If he did not, he might conceivably be an ally. For the moment, at least. “You’re going to have to back up.”
“Okay. But can you give me your word that you won’t bolt?”
My word? It was a very strange request. It outright assumed a level of trust. “Provisionally, yes.”
He just nodded and moved backward, an awkward toe-and-heel-and-knee shuffle, and she realized he was trying to appear smaller. Less threatening.
Perhaps he thought she was less likely to bolt if he did so.
She edged forward, dried sweat cracking on her skin, crusting in crevices. The trailer’s floor was dusty, and her hair was full of that thin, fine grit. She forced herself to analyze, to consider the problem from every angle as Cal hopped out of the trailer with easy fluidity, landing soundless and gilded in the sudden flood of light.
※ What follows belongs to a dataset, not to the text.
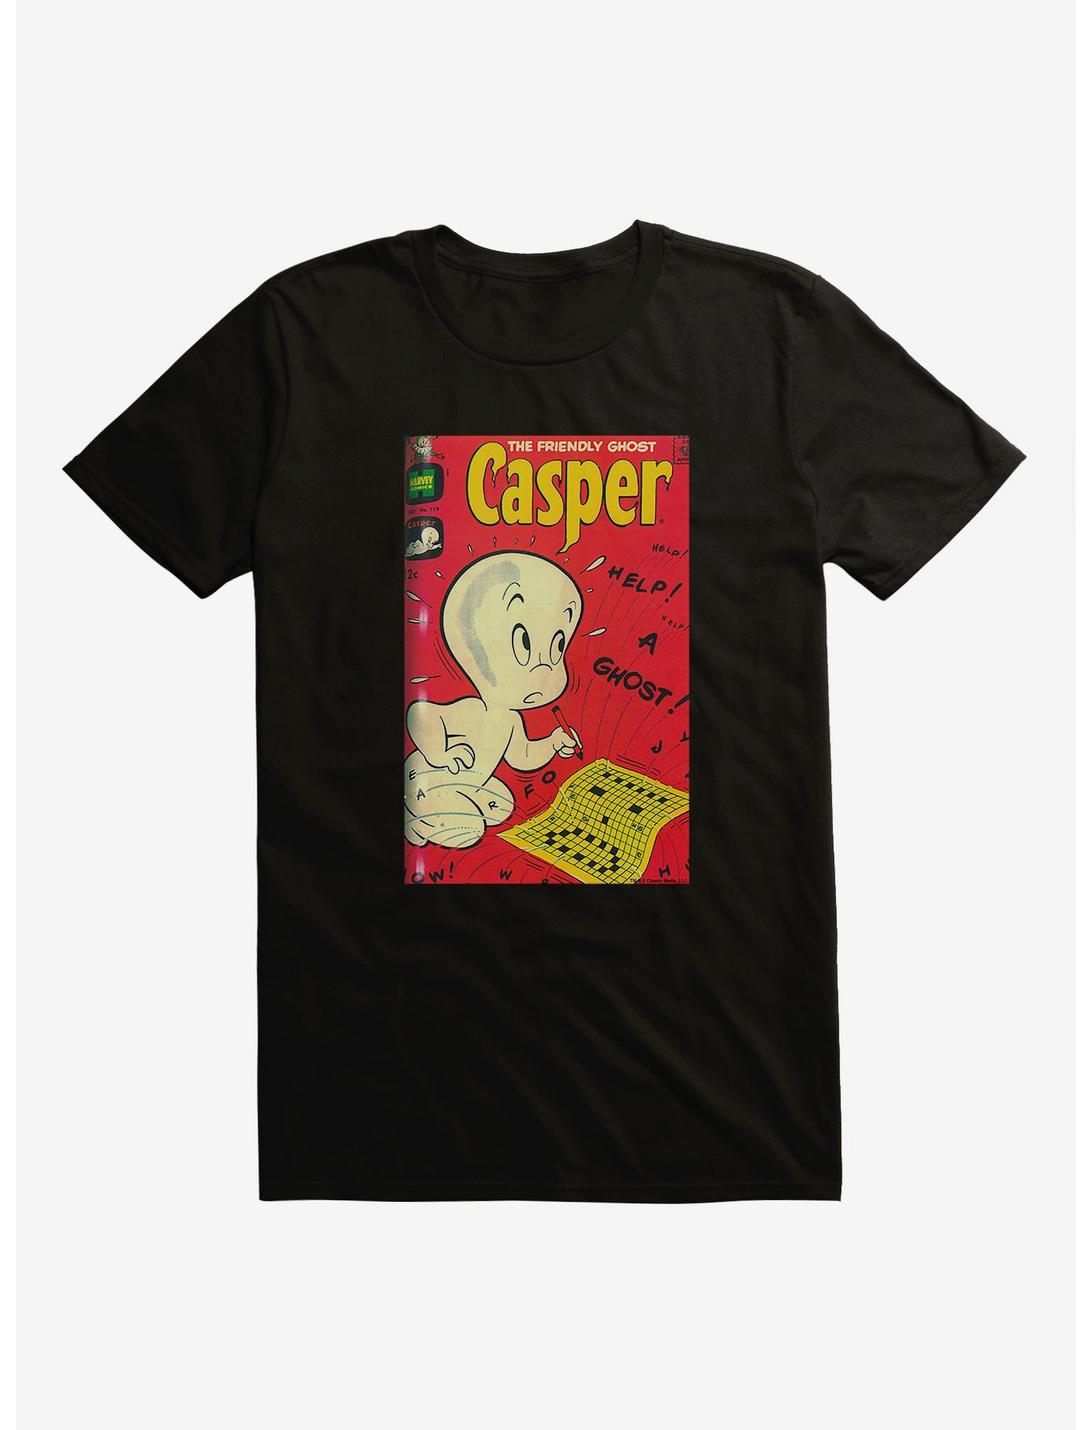 Casper The Friendly Ghost "Help! A Ghost!" Comic Cover T-Shirt, BLACK, hi-res
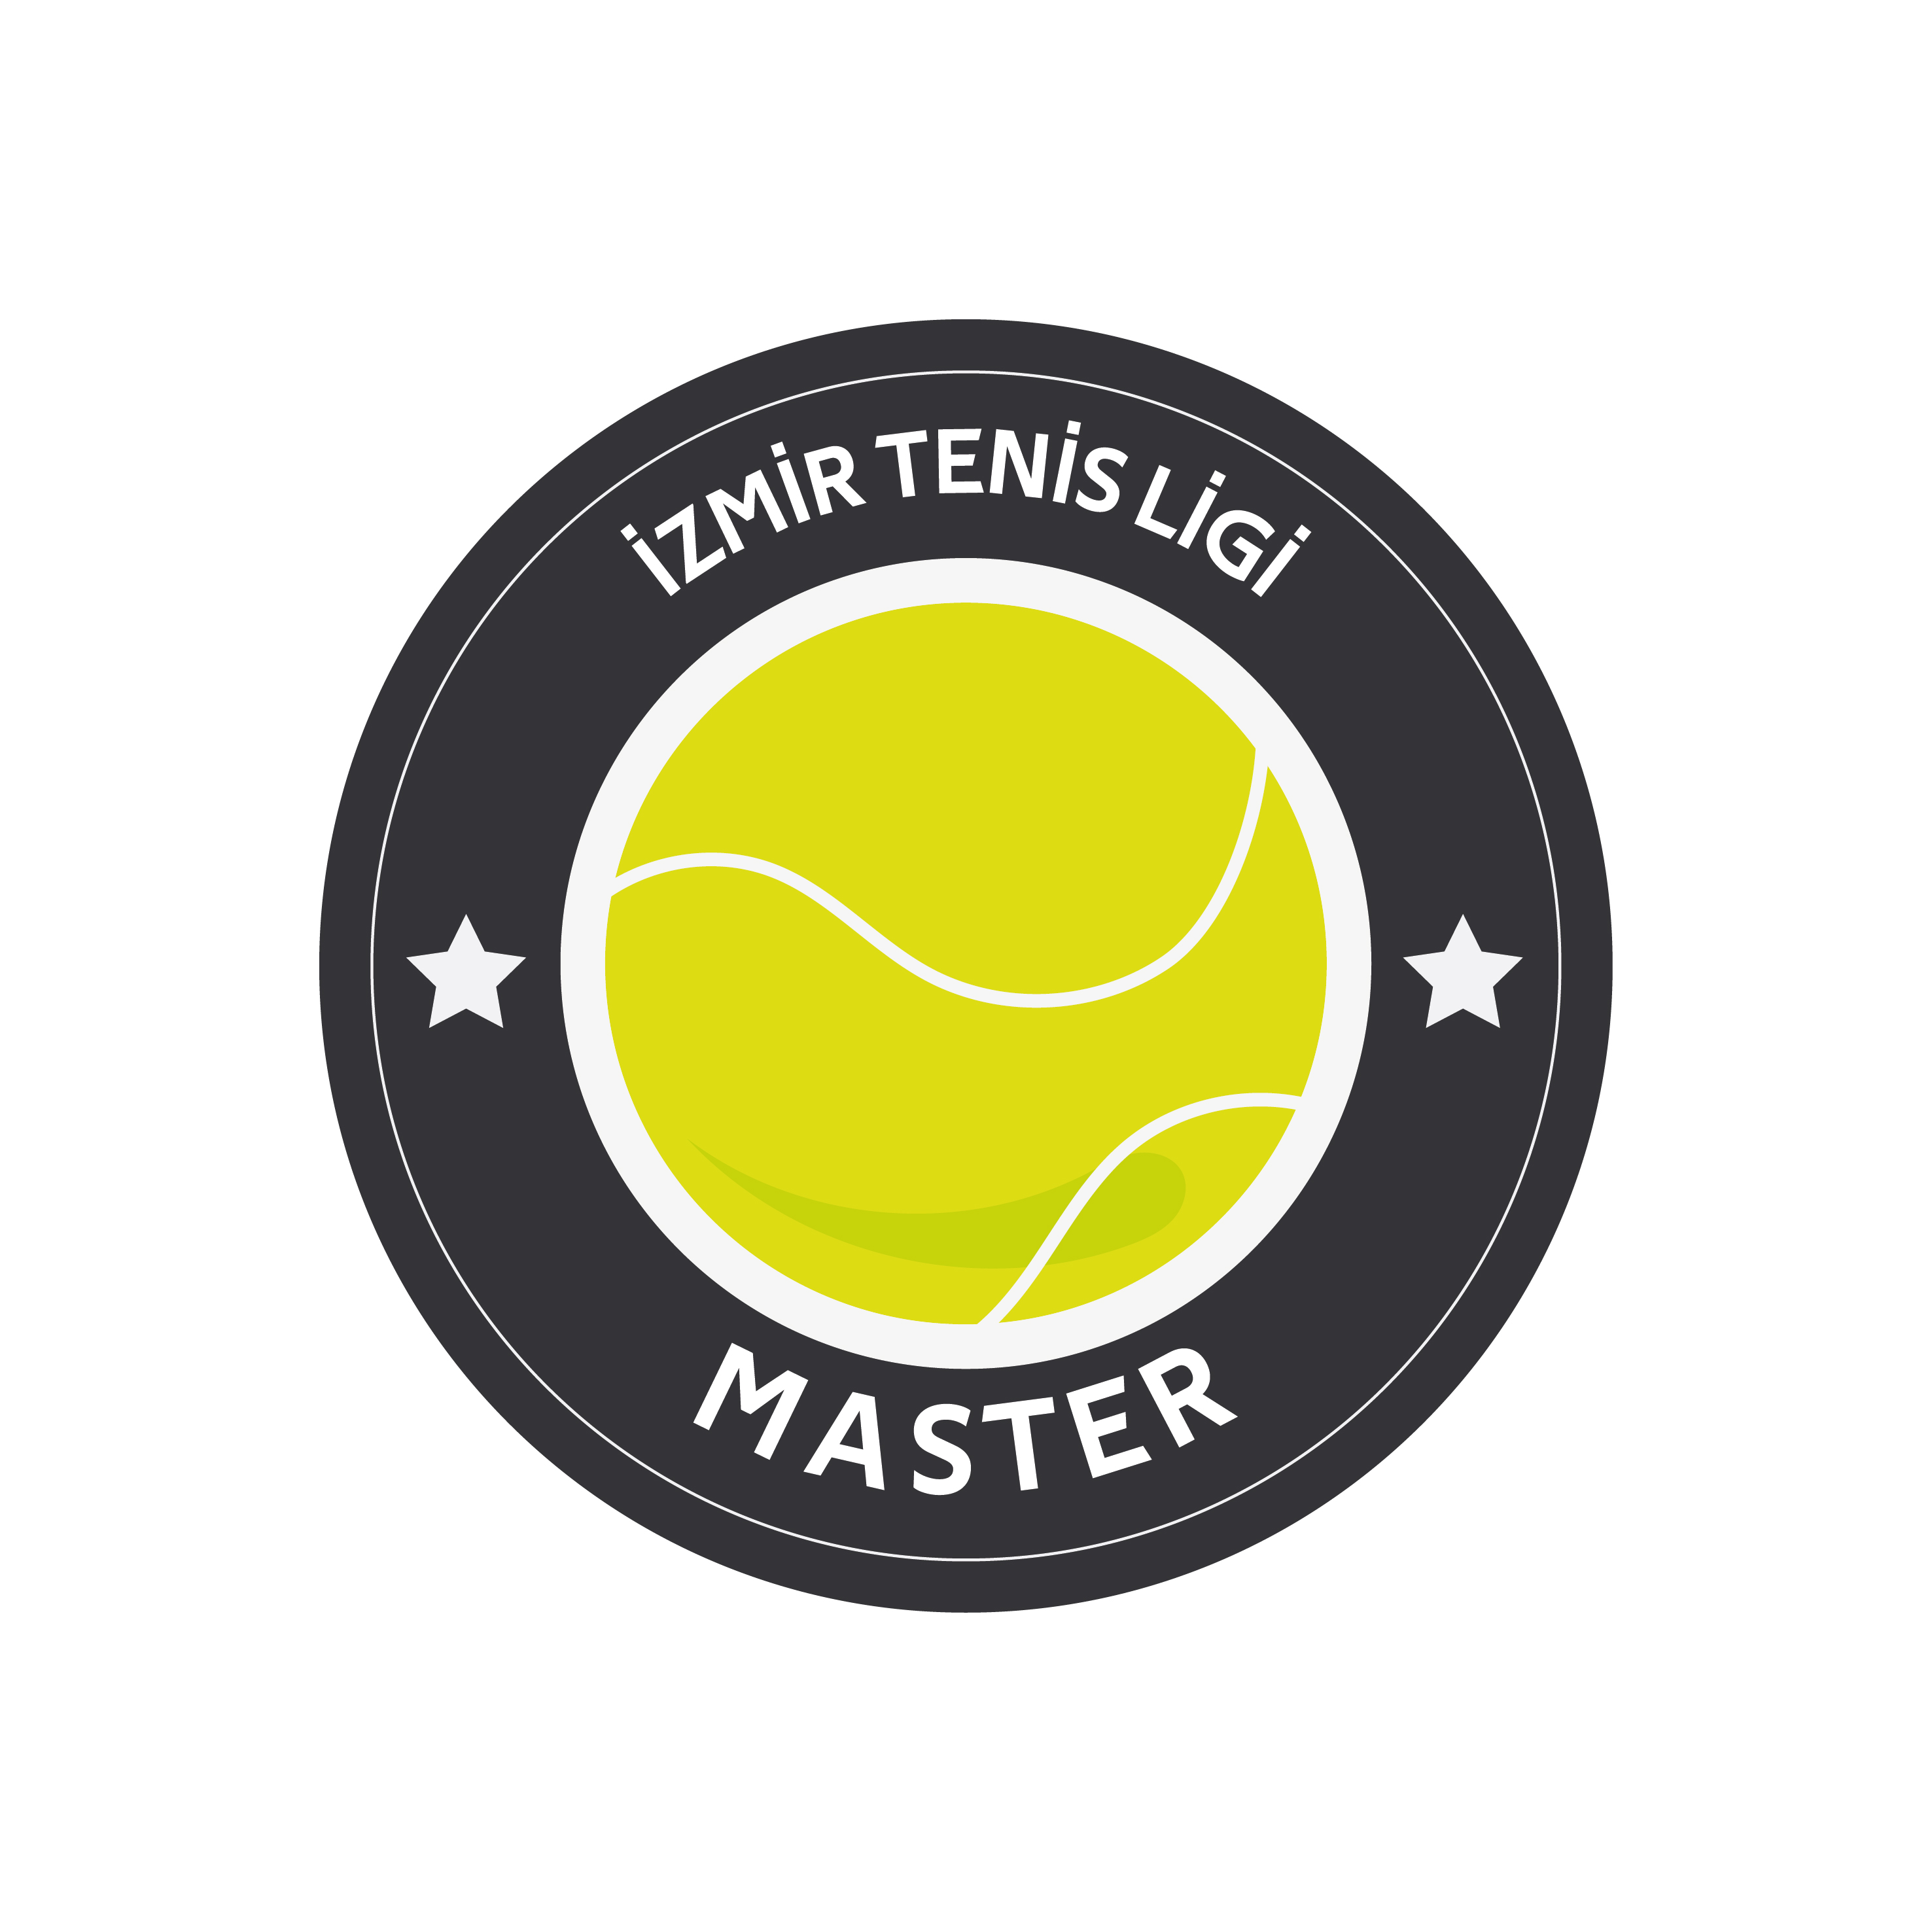 Smyrna Cup Tenis Turnuvası - Master

The scratch down his cheek from her nails was already closing up.
His healing factor had accelerated. Just like hers. Interesting.
Trinity eased forward just a little more, and her peripheral vision caught a flash of blue. She glanced—it was the same car that had struck the agent behind her.
Perhaps Eight was being reasonably truthful. Trinity’s shoulders slumped a fraction. She measured distance, probability and her own resources, and arrived at a strange conclusion.
I might as well.
* * *
It was enough to make Cal believe in sheer dumb luck. She was alive. Her hair, not pulled back, was full of golden highlights burning in the westering sun, her dark eyes actually a very deep mossy green, and she was so thin he could almost count her ribs under her button-down and tank top. But she was ambulatory and breathing, and got in the passenger side after he moved his gear, clutching her backpack like a schoolgirl and keeping her knees well clear of the now-silent scanner.